Why does this matter? It matters because the starting point for explaining a complex system should be the simplest model that matches the data. This is the principle of parsimony, also known as Occam’s Razor. It’s easy to make up convoluted tales about why the world is the way it is. But if there is a more straightforward explanation, then the burden of proof is on you to justify the extra details. Maybe it really is more complex, but you can’t conclude so without evidence.
We often hear just-so stories about male and female biology. Men are larger in order to hunt mammoths. Women have more fat around their waists to trick potential husbands into thinking they have a larger birth canal. And so on. But according to the simulations, the two clusters have no innate properties at all. They exist only to be different from each other. The particular ways in which they differ are completely arbitrary. If the graph axes represent weight and body hair, then females could just as easily end up the heavier and hairier sex. Or vice versa. Sexes are not clear-cut categories, but shifting amorphous blobs. Now, I’m not saying every sexually dimorphic trait is so arbitrary in reality. But that’s the default null hypothesis. To say otherwise requires data.

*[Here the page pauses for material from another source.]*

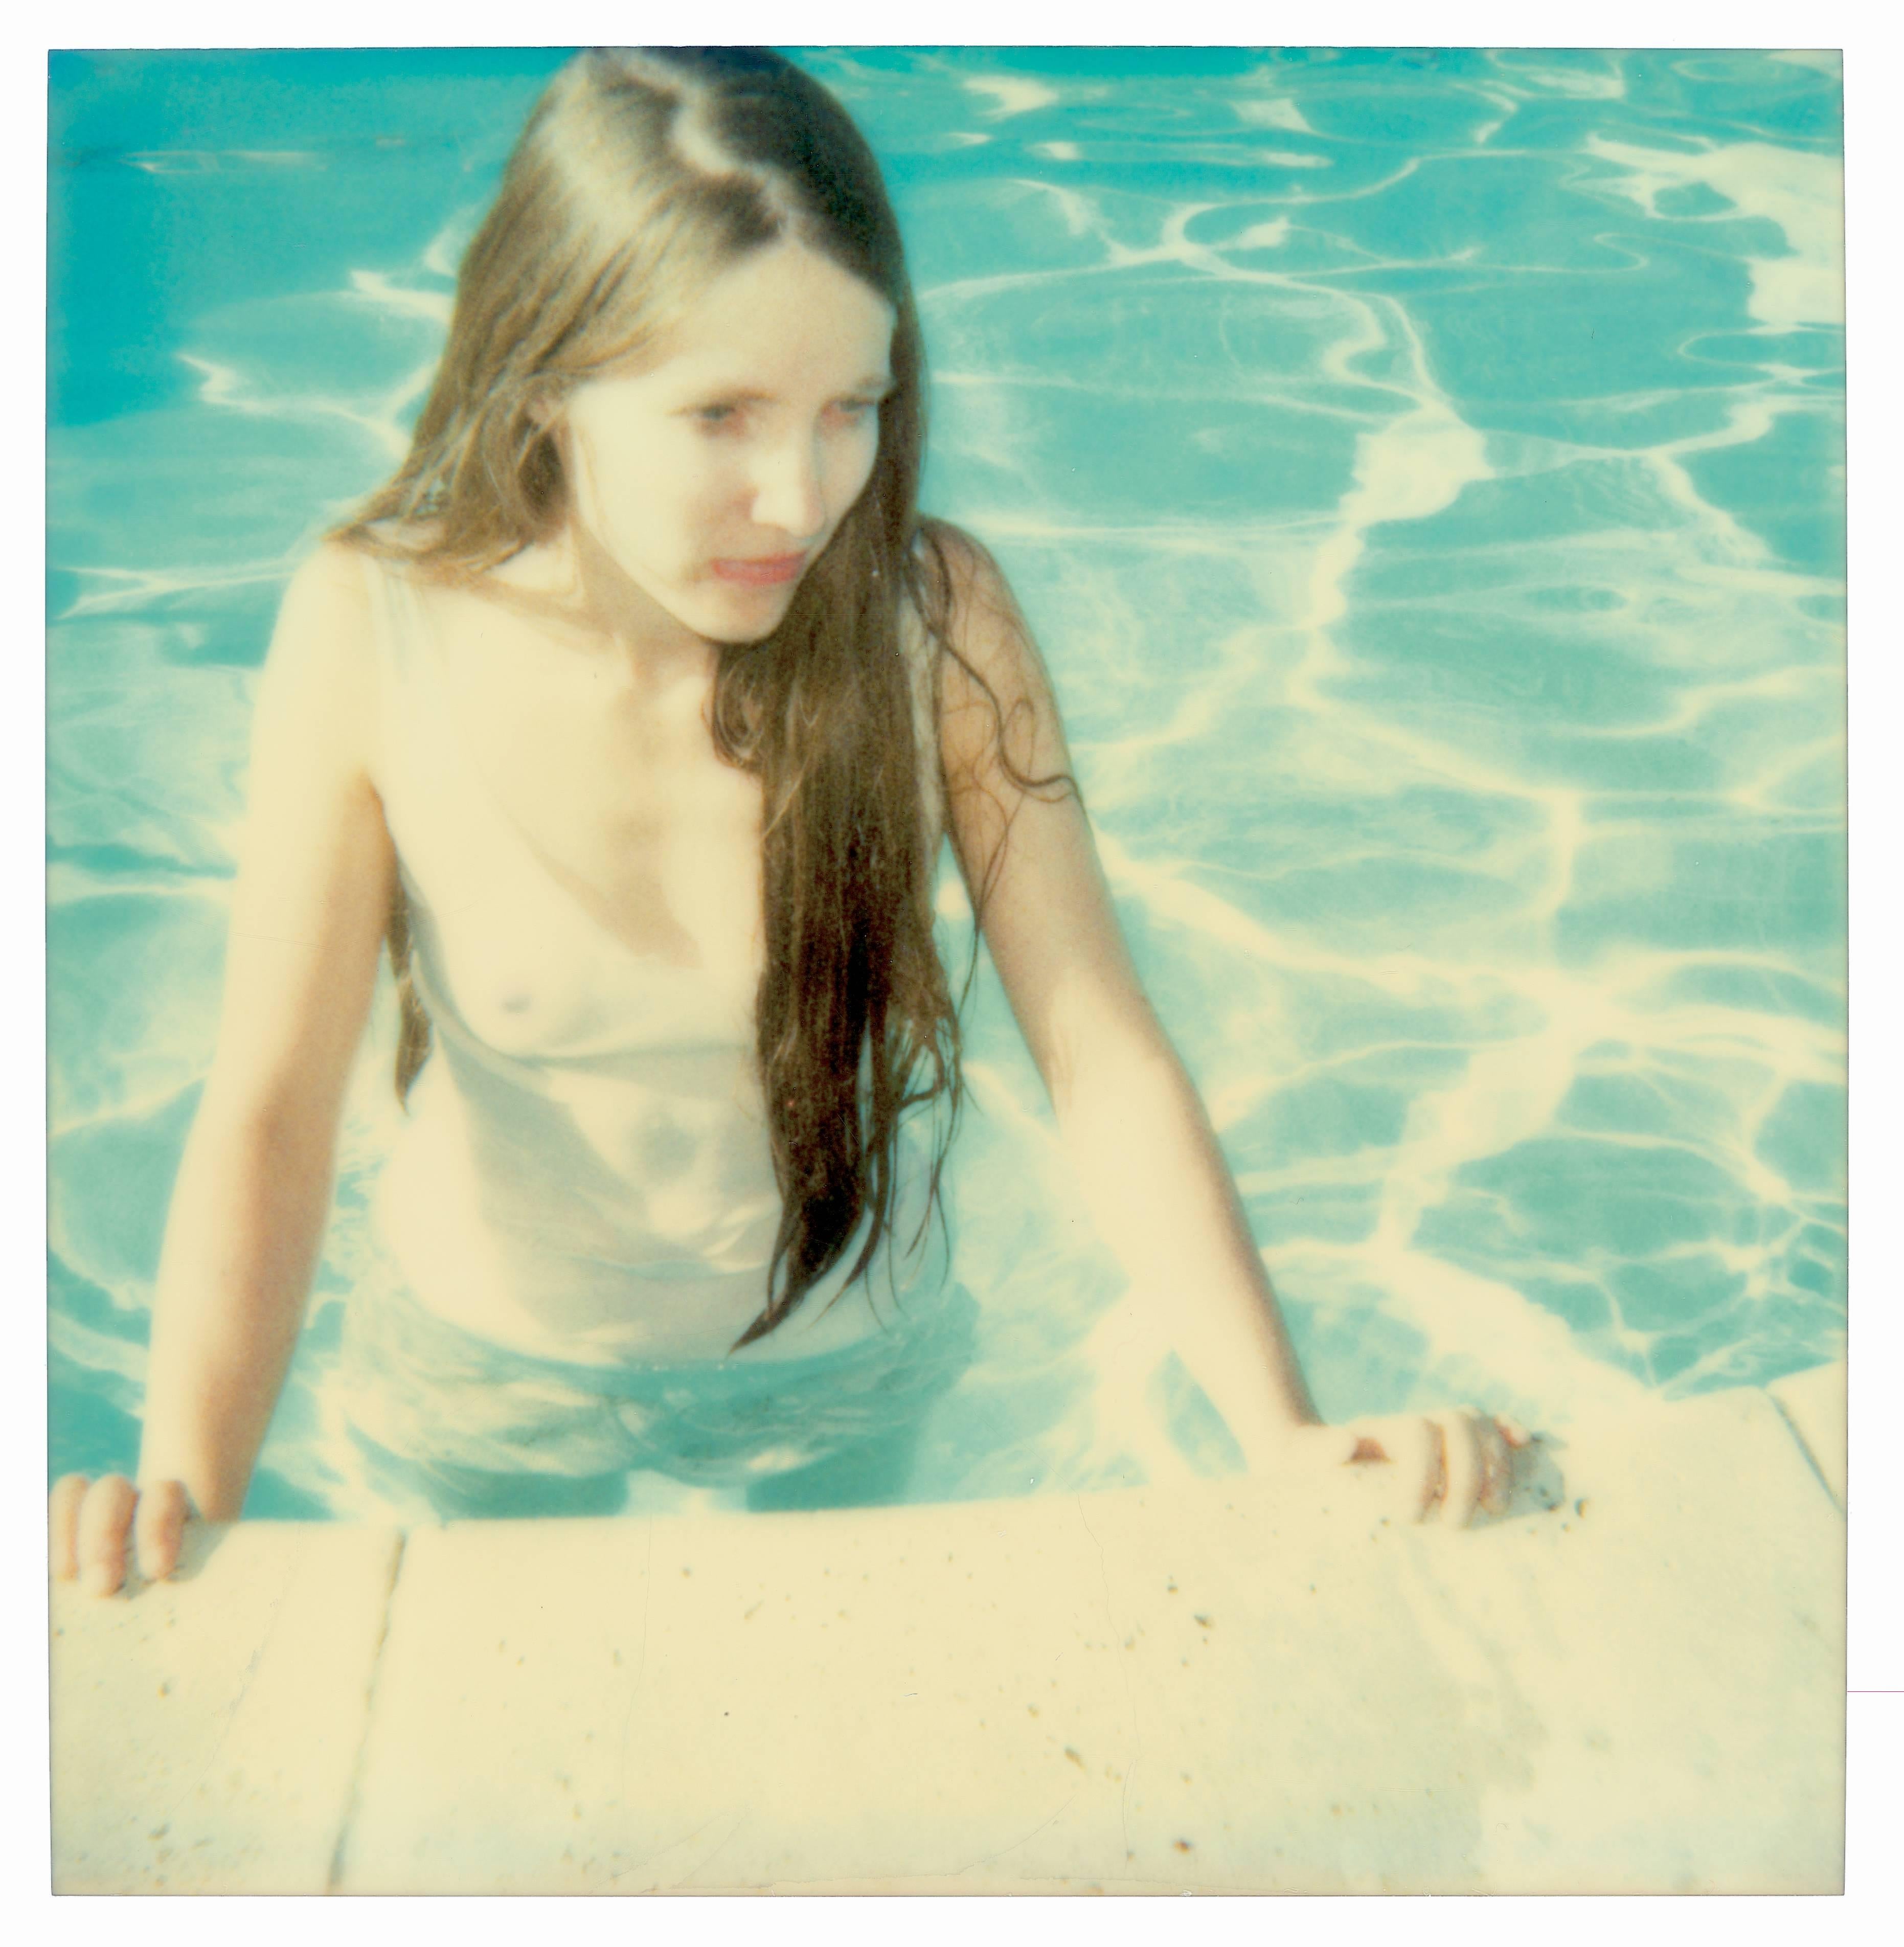 Pool Side - not mounted - 21st Century, Polaroid, Figurative Photograph, Woman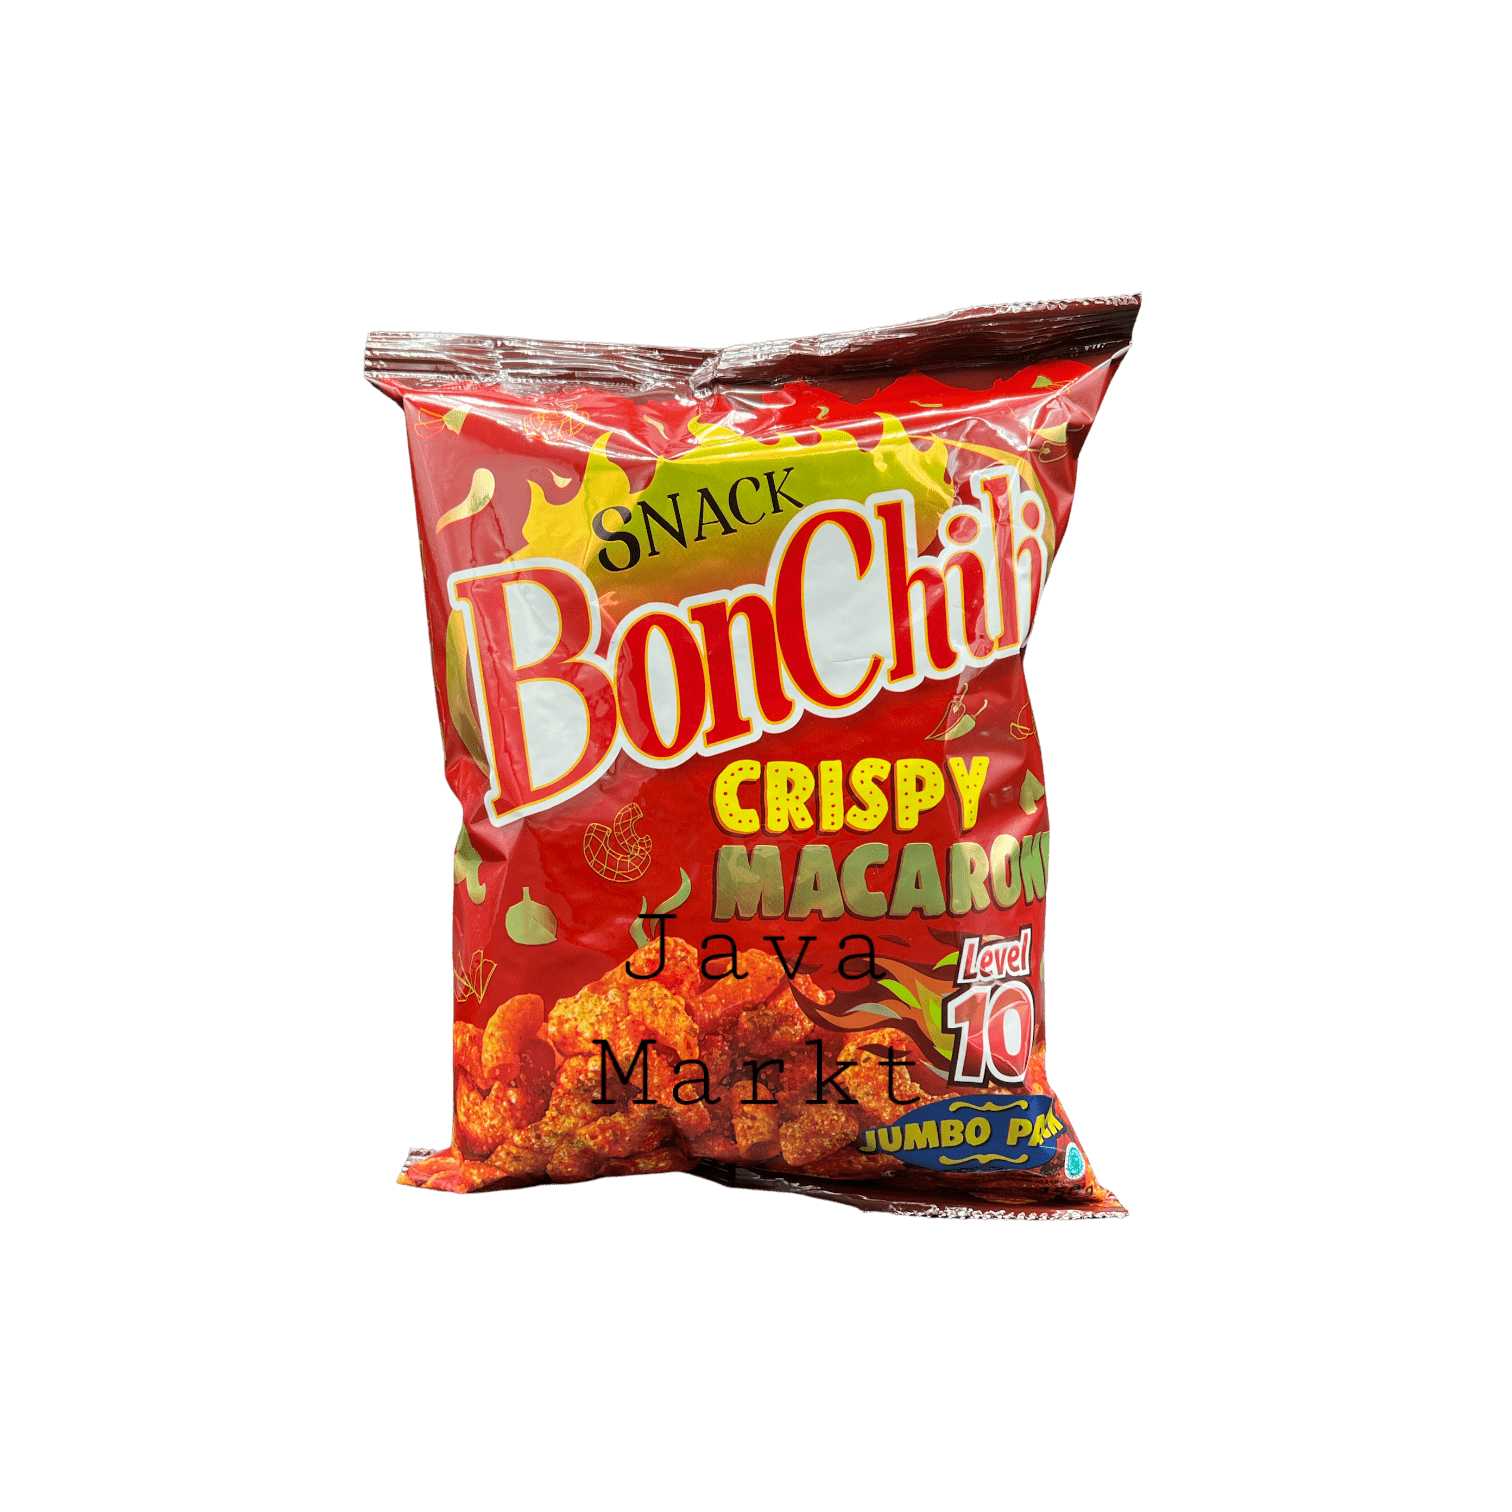 BonCabe Makaroni Crispy Snack Level 10 - Java Markt

Politics may be similar. How is it that the same party that freed the slaves is now shunned by most African Americans for its racist policies? It makes sense if you think of political parties as just drifting around each other randomly in morphospace. Who cares what your platform is, so long as you are different from the other guys? I don’t mean to sound cynical. Quite the contrary. I think understanding the dynamics of political systems is an important step for positive change. Only then can we take charge of them, and ensure they reflect the will of the people. I’m not saying this model provides comprehensive insight into democracy. But it’s a good place to start.
If you want to run your own simulations, the code is available here. There’s a lot of room to explore these ideas further. And regardless, I hope you’ll remember these clouds of dots, billowing around the bullseye, when you contemplate diversity in all its forms. May they guide your perspectives on evolution, government, and the wider world.